NatWest Group (LON: NWG) share price has been in decline over the past few weeks, mirroring the struggles of other UK banks. Since the beginning of this month, bank shares have been hit hard as global banking concerns intensify.
The primary concern for NatWest shareholders stems from recent bank failures in the US, which have sparked fears of a broader contagion. These worries have extended to Europe, where Credit Suisse narrowly avoided collapse, thanks to a government-brokered takeover by UBS Group. However, the repercussions of this event on the global banking system may be felt for months.
In an effort to streamline processes like e-document signing and digital onboarding, NatWest Group has partnered with identity service provider OneID. This collaboration will introduce an embedded digital ID solution for customers via NatWest Group’s Bank of APIs. The new identity solution will also allow users to verify their age when accessing restricted services, such as car rentals.
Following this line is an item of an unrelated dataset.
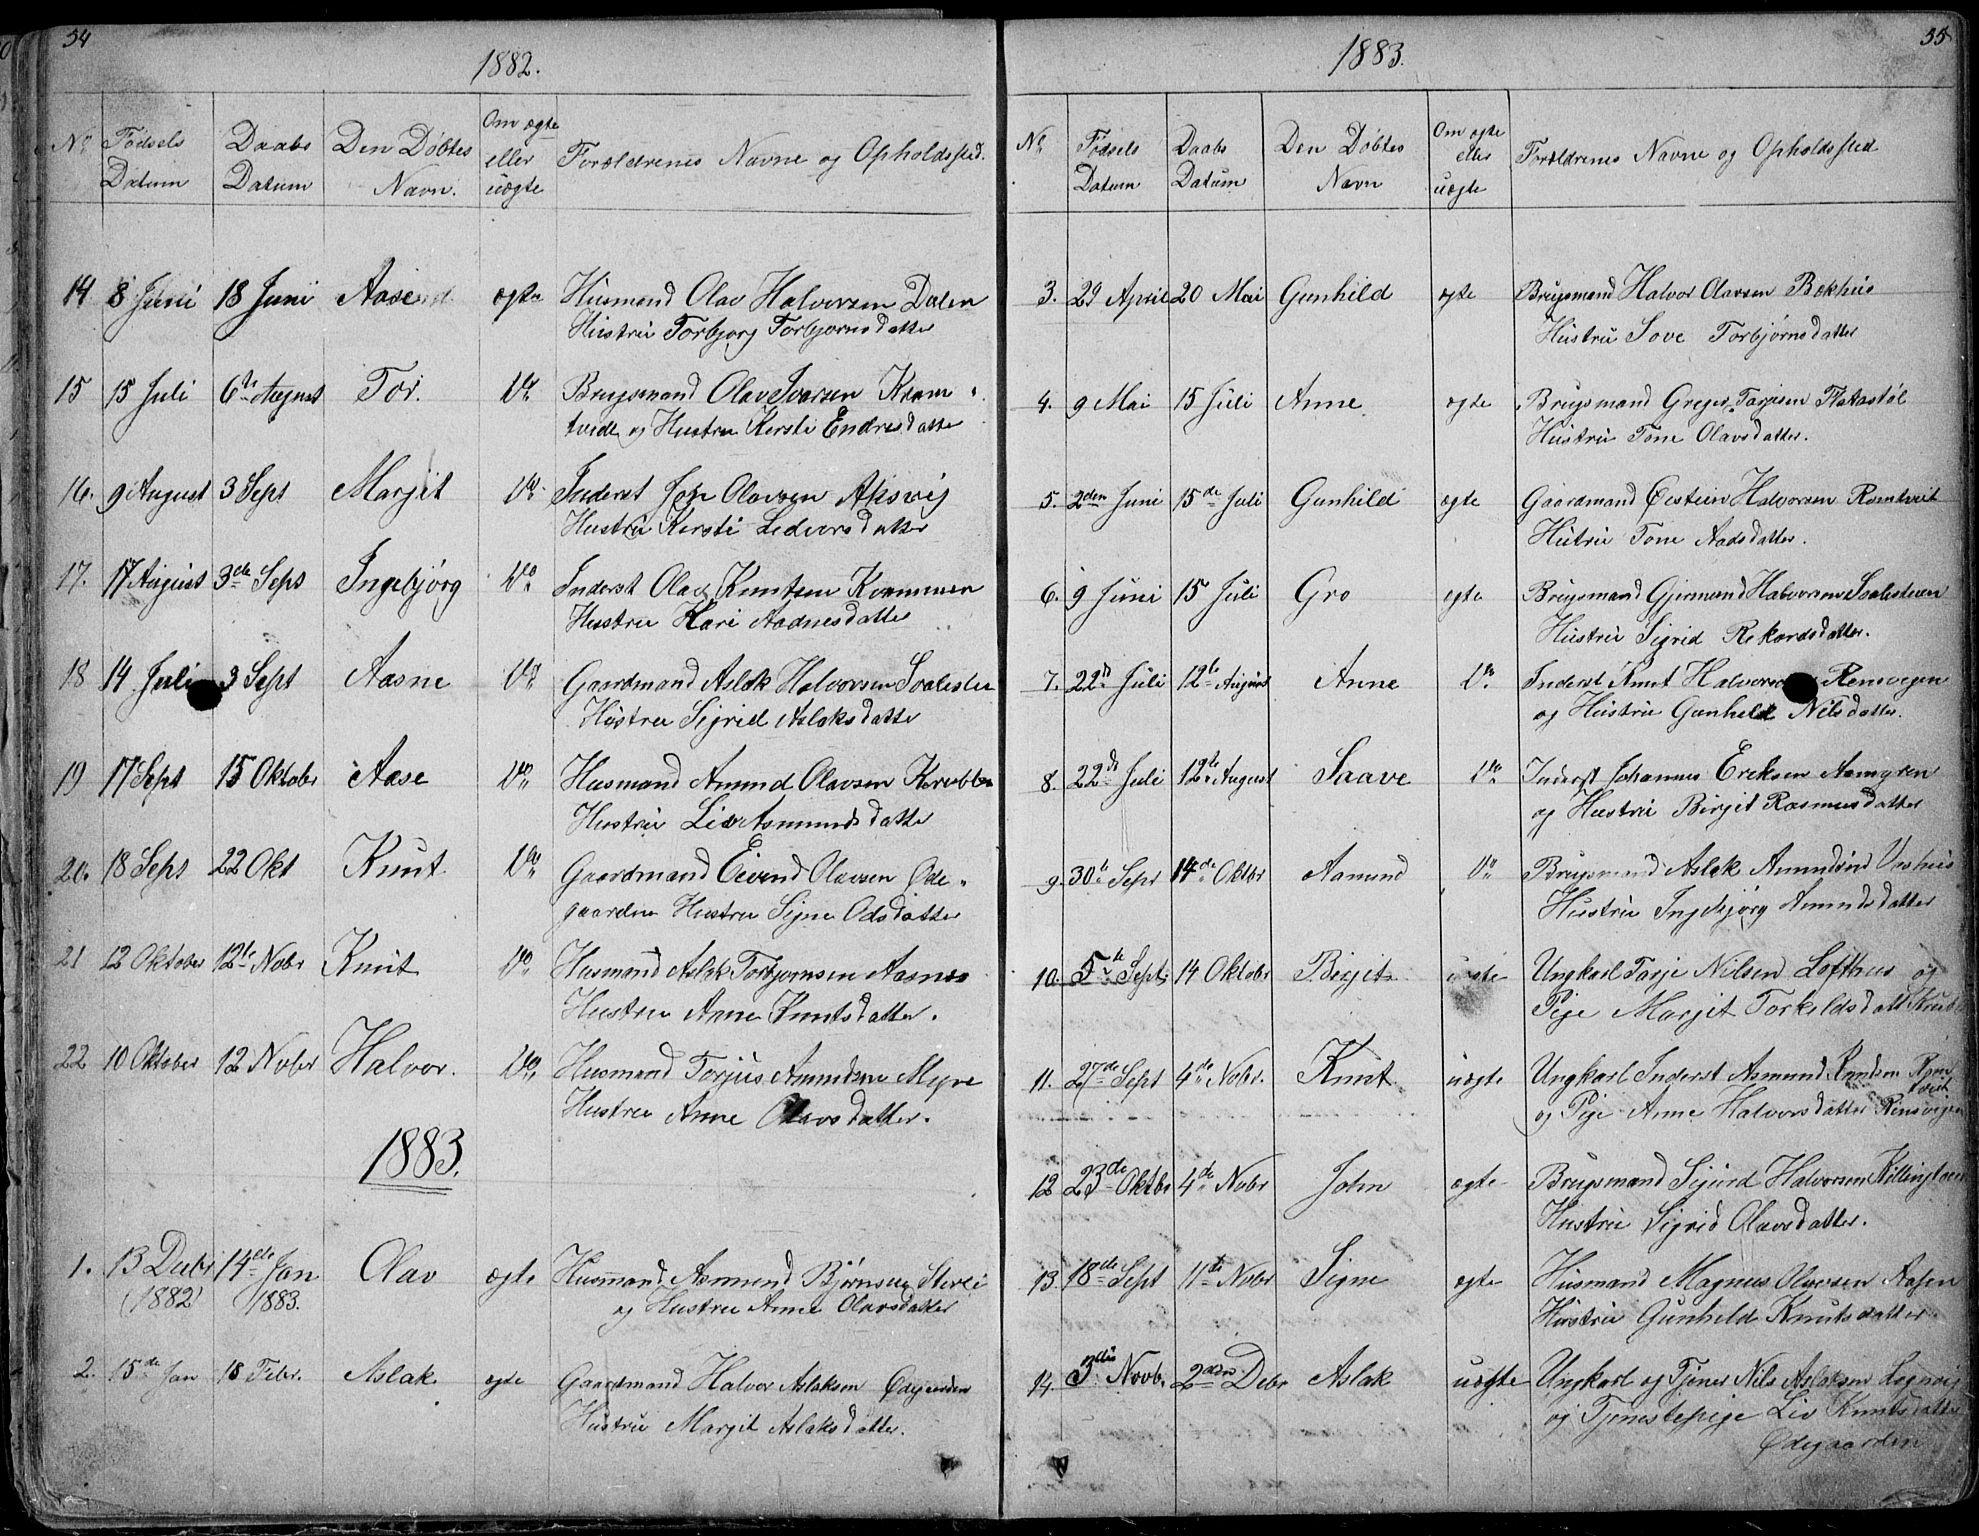 SAKO, Rauland kirkebøker, G/Ga/L0002: Klokkerbok nr. I 2, 1849-1935, s. 54-55

Last week, NatWest Group’s share price hit new year-to-date lows, reaching 237.2p. After a brief recovery above the 200-day moving average, the shares are experiencing another downturn. On Tuesday, shares of NatWest Bank’s parent company opened slightly higher but struggled to gain momentum, trading at 260p by press time after showing minor gains.
On the daily chart, NatWest shares are currently retesting the 200-day moving average, a key indicator often considered a crucial support level by many traders. The price is hovering just below this important threshold. If the stock closes below this level, it could trigger a further decline, potentially revisiting the March low of 237.2p.
If the price breaks below last week’s low, the outlook for NatWest Group could turn very bearish. In such a case, the shares may fall below 200p, possibly retesting their March 2022 lows of 196.9p.